Drop the pictures; give again exactly the lines from the one holding "KAISERLICHE | Imperial" through the end of the data.

**INFORMATION PROVIDED**
════════════════

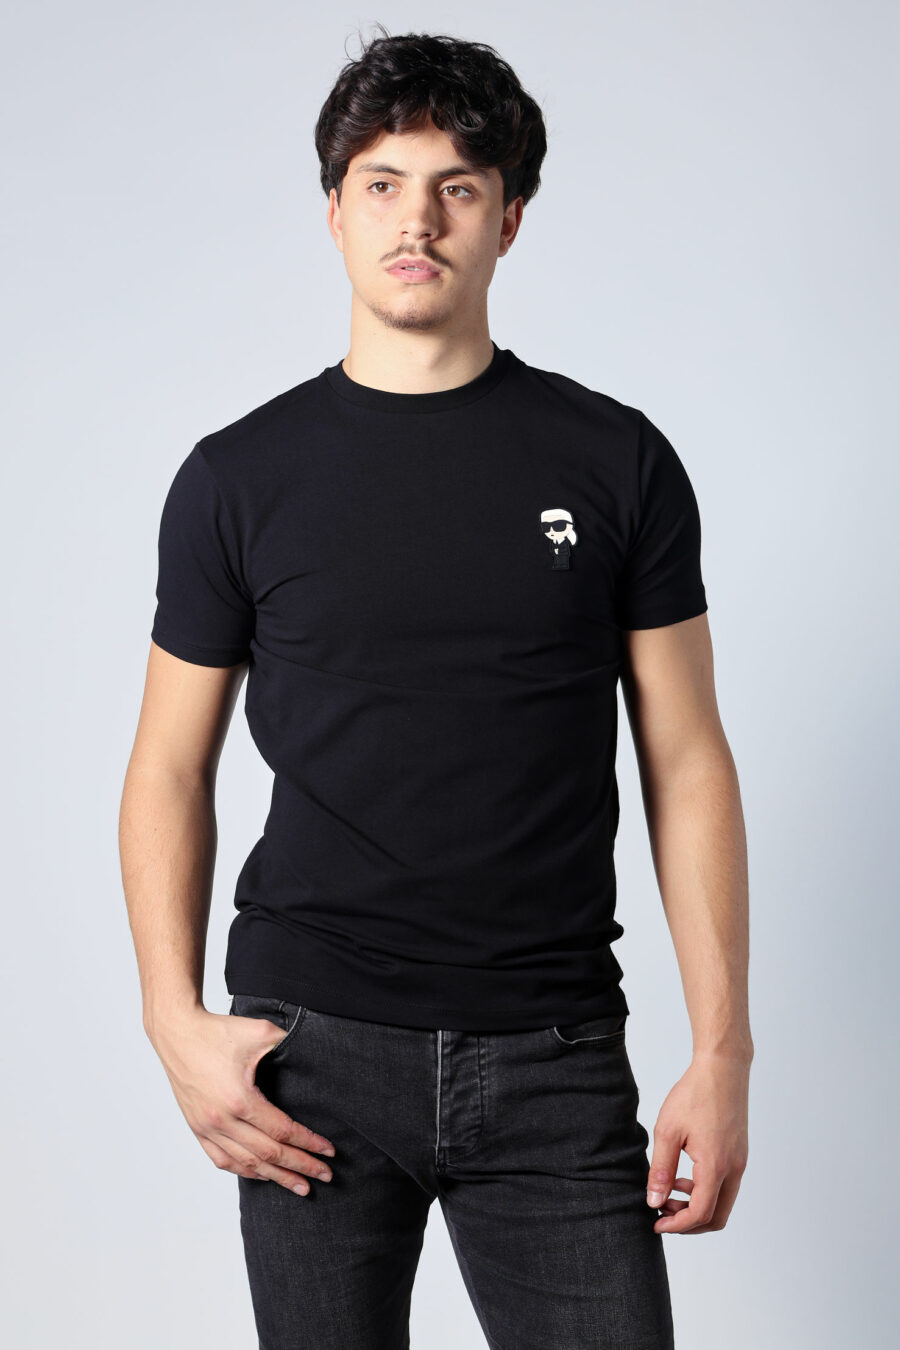 Camiseta negra con logo "ikonik" - Untitled Catalog 05720
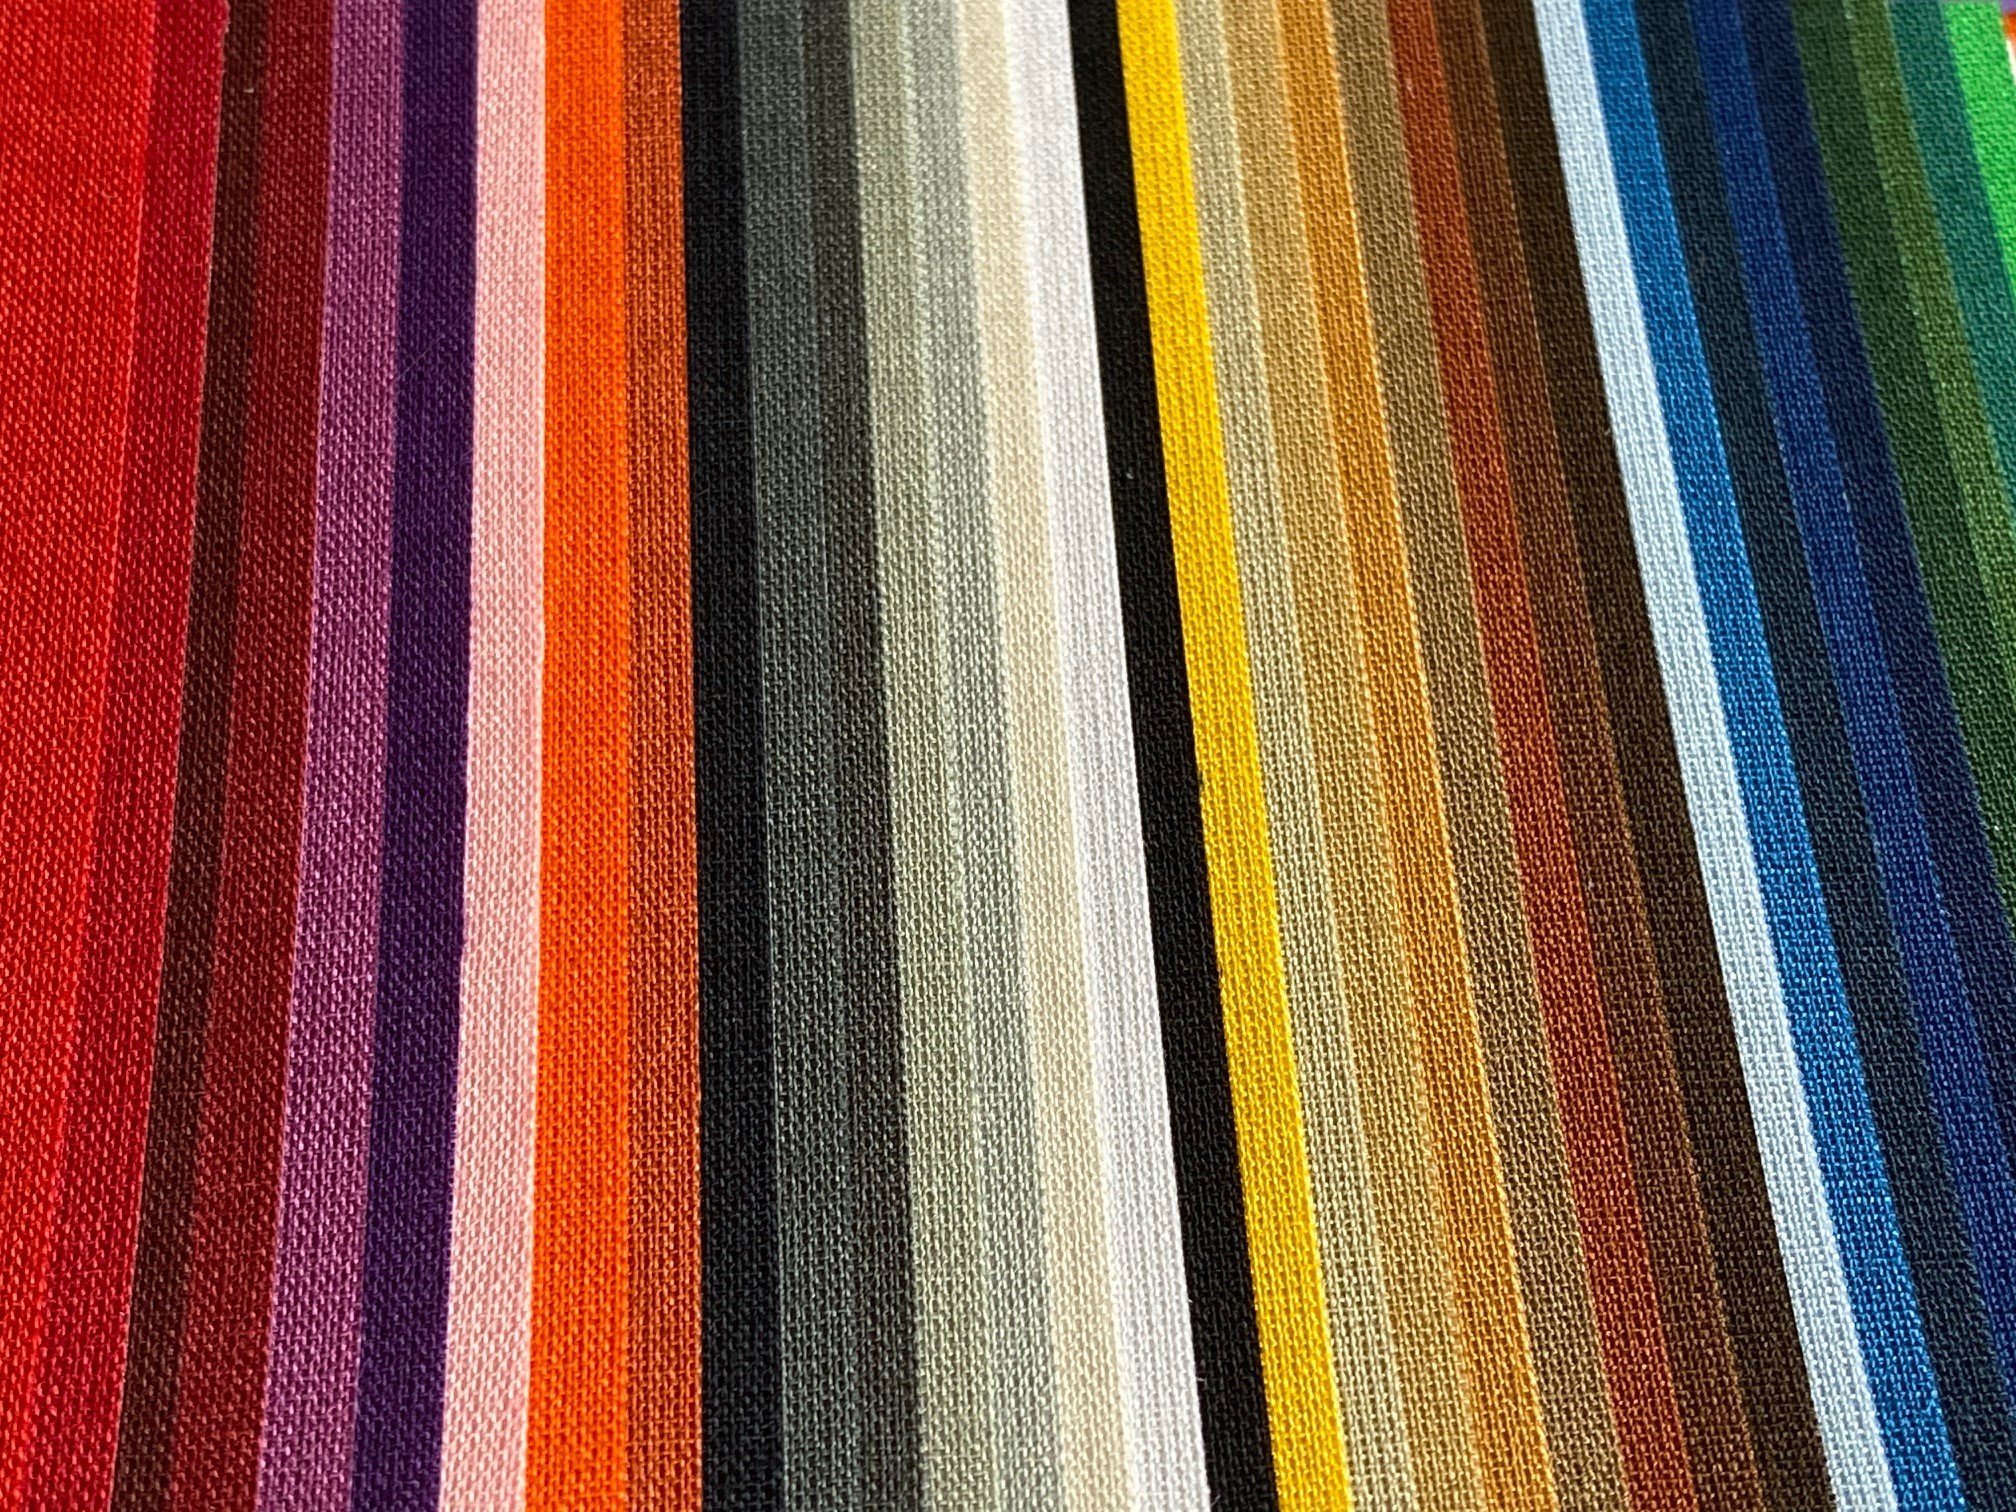 KAISERLICHE | Imperial ist eine zarte, klassische Leinwand in einer breiten Palette von Farben. Die Verwendung eignet sich für Exlibris und beschichtete Abdeckungen.
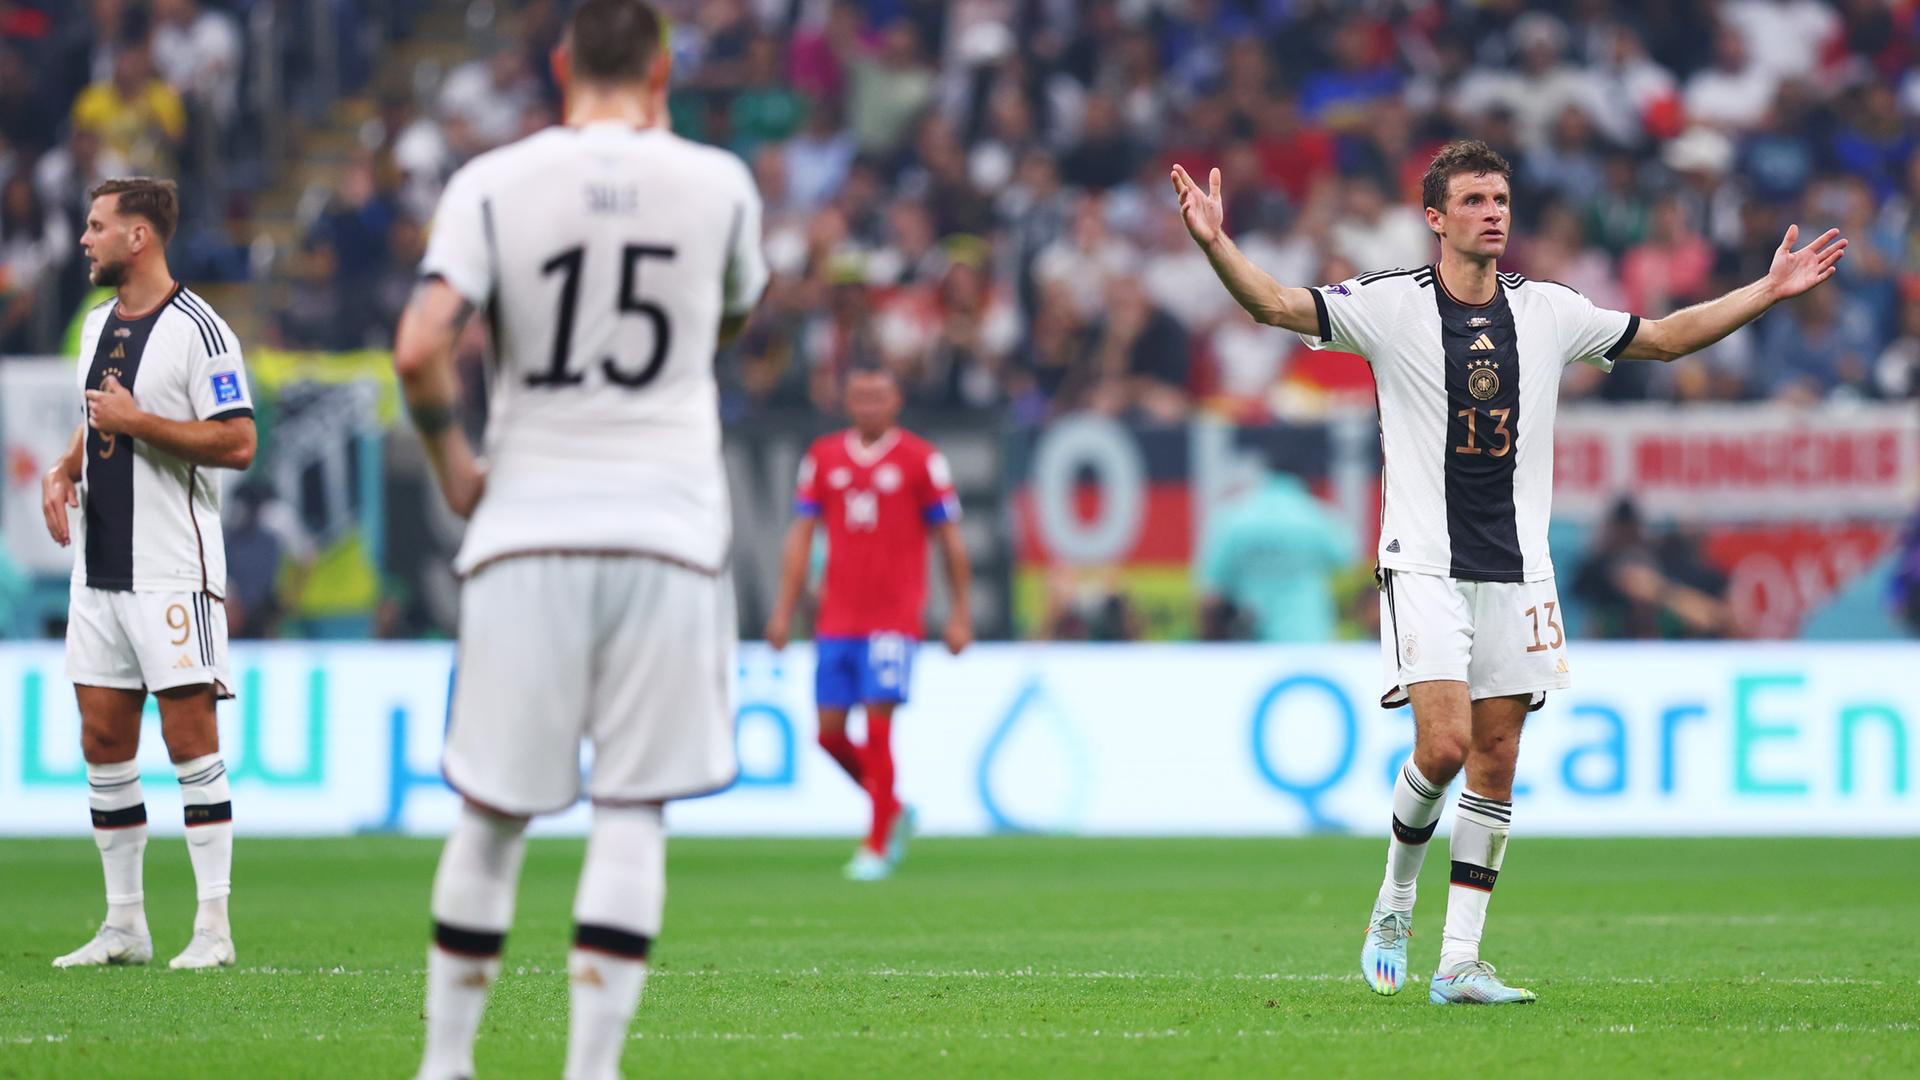 Der deutsche Fußball-Spieler Thomas Müller breitet die Arme aus. Costa Rica hatte 1 Tor geschossen.

════════════════

**EXERCISE RESPONSE**
 KAISERLICHE | Imperial ist eine zarte, klassische Leinwand in einer breiten Palette von Farben. Die Verwendung eignet sich für Exlibris und beschichtete Abdeckungen.
 Der deutsche Fußball-Spieler Thomas Müller breitet die Arme aus. Costa Rica hatte 1 Tor geschossen.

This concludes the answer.